The positivity of the FIB-4 may also increase the patient's awareness of a liver disease risk factor (overweight and excessive alcohol consumption), providing the general practitioner informs the patient about the significance of this FIB-4 score.

There is agreement on the need to educate general practitioners on the importance of fibrosis screening. The introduction of an automatic calculation of FIB-4, which can be easily implemented by clinical laboratories, could initiate and encourage general practitioners to detect and manage chronic liver diseases earlier.

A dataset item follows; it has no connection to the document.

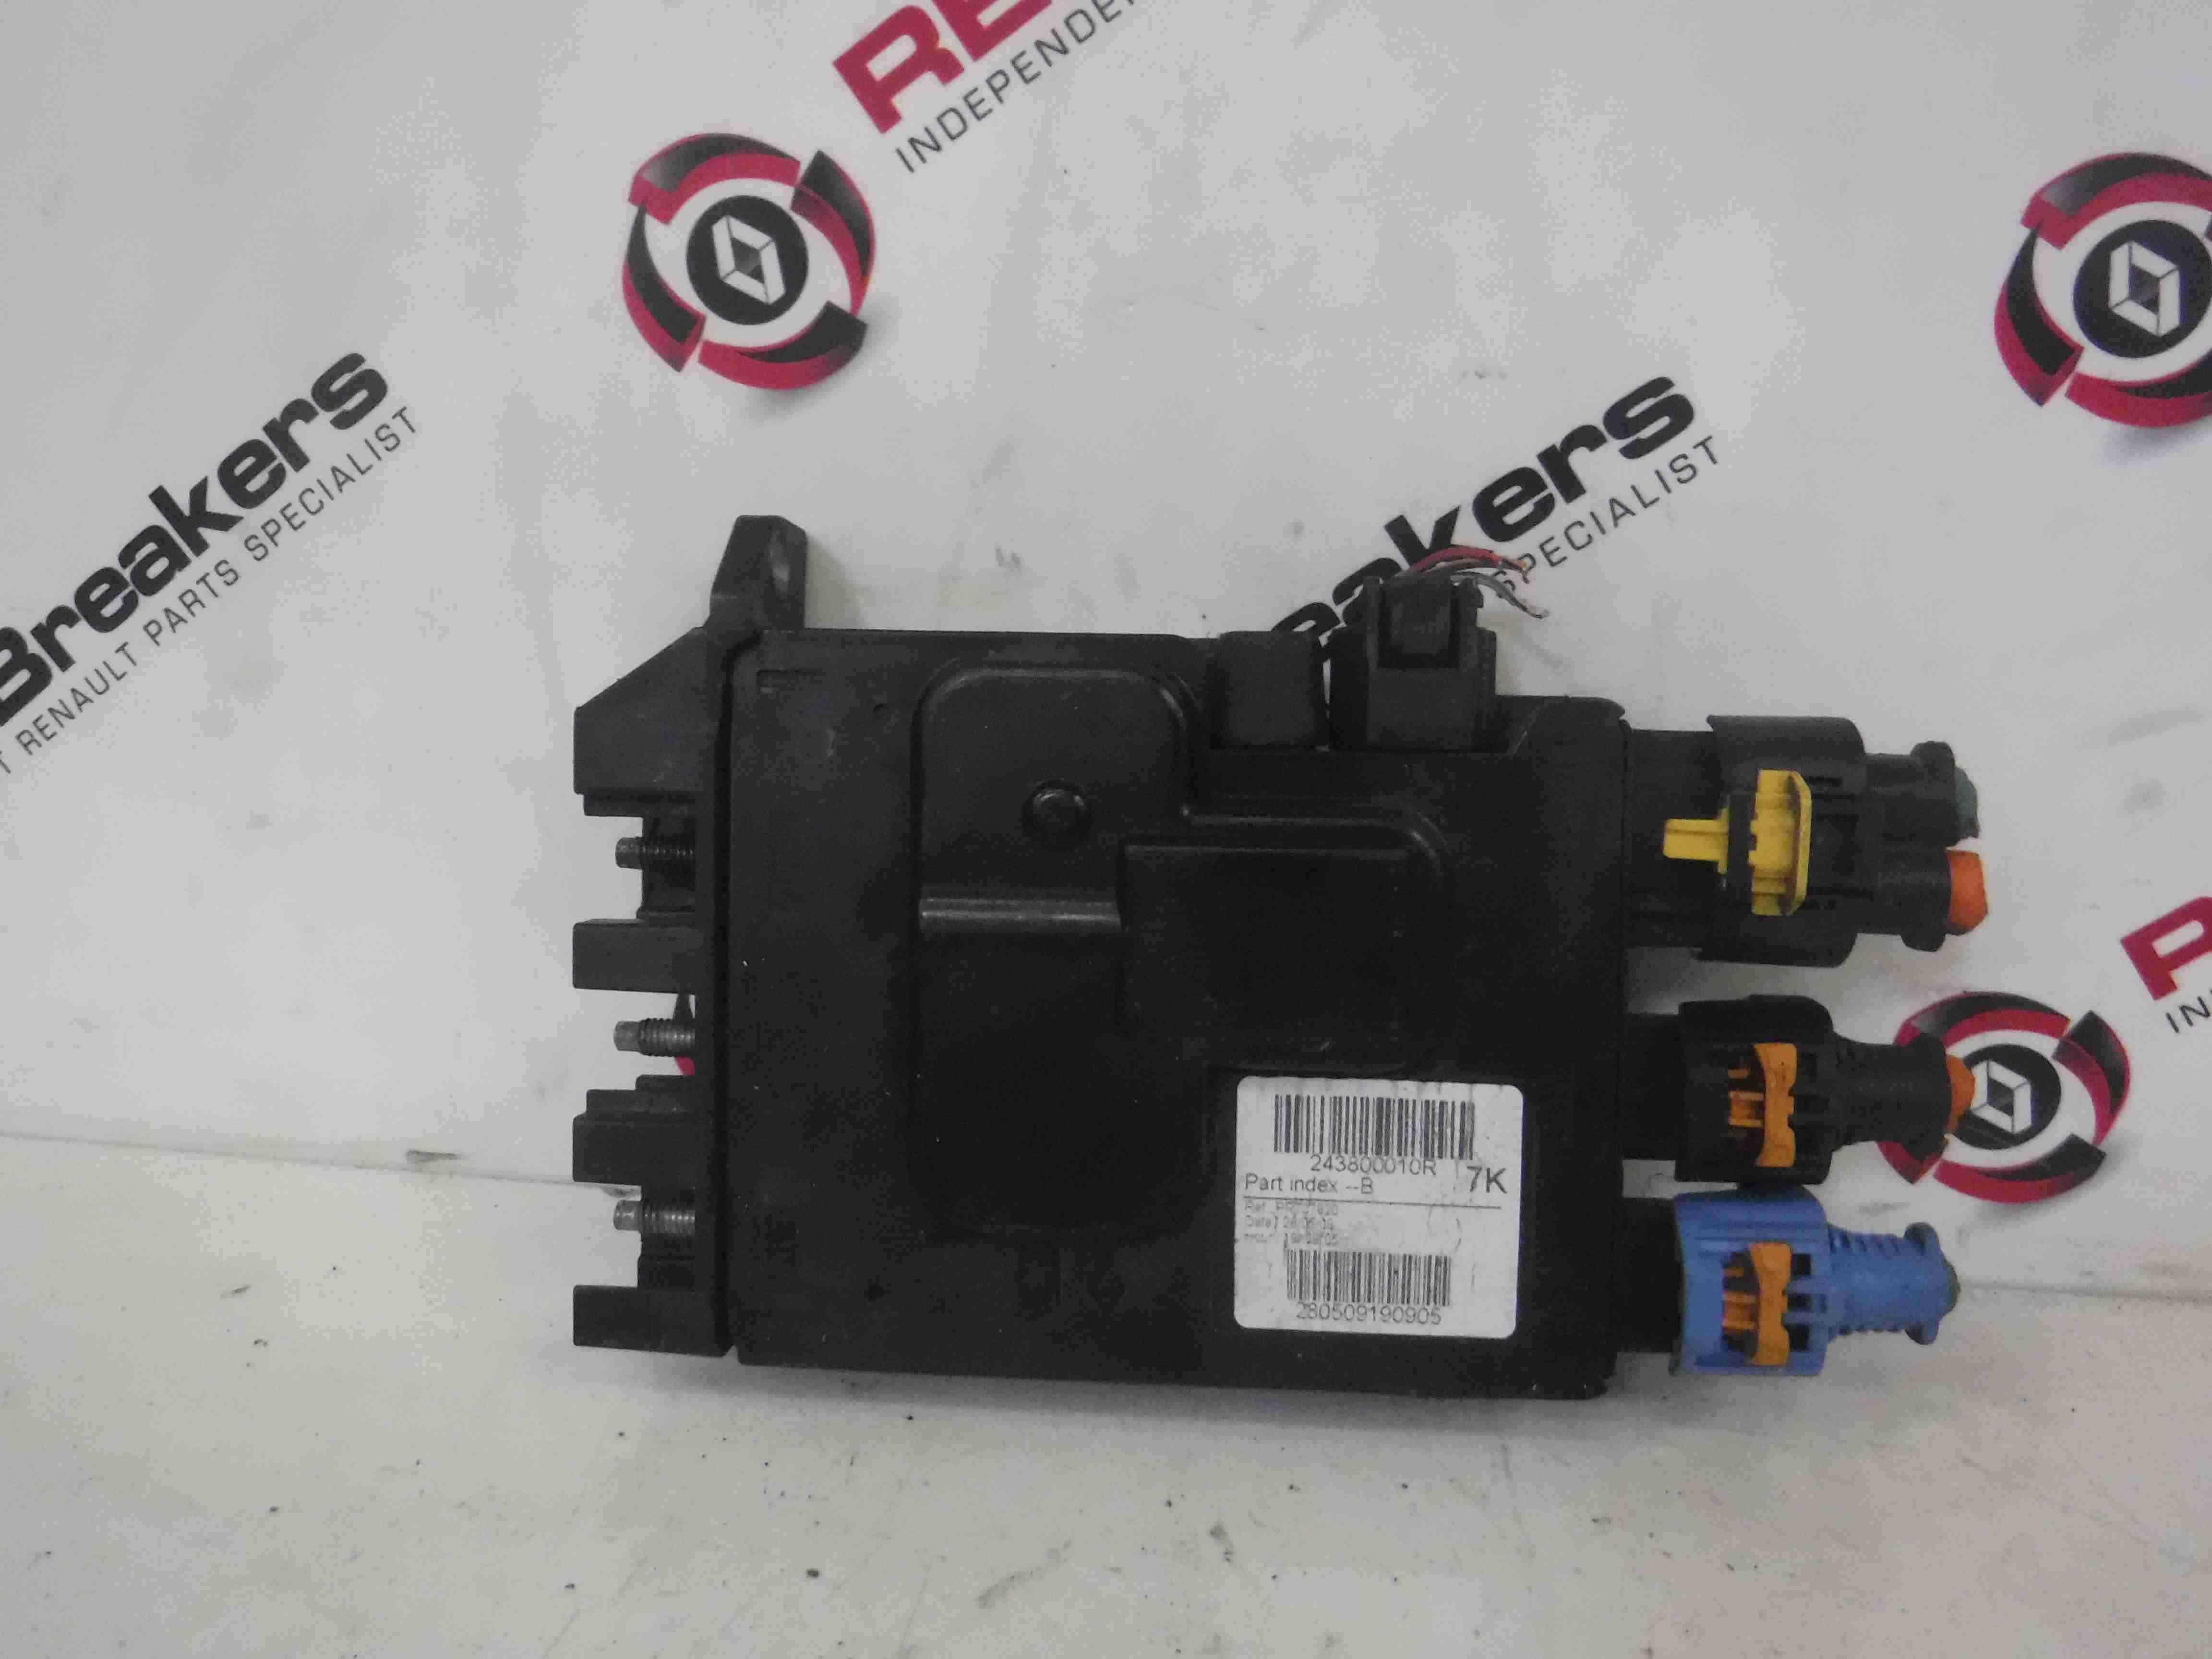 Renault Megane MK3 2008-2014 1.6 Battery Fuse Box 243800010R

This study has some limitations. The first limitation is that general practitioners provided medical information retrospectively after receiving the results of the FIB-4 and ELF tests. The second is that the ELF Test was performed only among the 869 patients with FIB4 ≥ 1.3; thus, 75% of the cohort did not have ELF assessment. However, it is well known that a FIB-4 score < 1.3 is associated with a strong negative predictive value for advanced liver fibrosis17. The third limitation is that, although clinical information was retrieved for a large majority of patients (n = 755), we do not have medical information for patients with FIB-4 < 1.3. Therefore, we are unable to compare the percentage of patients with hepatic risk factors according to the FIB-4 threshold of 1.3. Lastly, our study concedes a limitation in the identification of potential liver disease causes, as these are determined subjectively by the attending physician without any objective evidence to support the diagnosis.

Conclusion

Liver fibrosis was suspected by FIB4 score automatically calculated in 25% of patients who consulted a general practitioner and was confirmed by ELF test in 59% of cases. The percentage of confirmation by the second line ELF test was significantly higher in patients with a high-risk FIB-4 score ≥ 2.67, in patients over 65 years (both groups for which a confirmation is questionable) and in those with a risk factor of liver disease overweight or diabetes, who require an intervention and need to be confirmed in priority. High-risk FIB4 ≥ 2.67 patients should be referred for specialist advice. In patients without known liver disease, the FIB-4 allow the general practitioner to recognize a liver disease in nearly one third of cases, mainly NAFLD. Thus, automatic calculation of the FIB-4 may represent an initial step to enhance the recognition and management of liver disease in the general population. The ELF test performed as a second-line test improves the screening of hepatic fibrosis by FIB-4, in particular for FIB-4 intermediate results, in patients under 65 years of age, who have a risk factor of liver disease.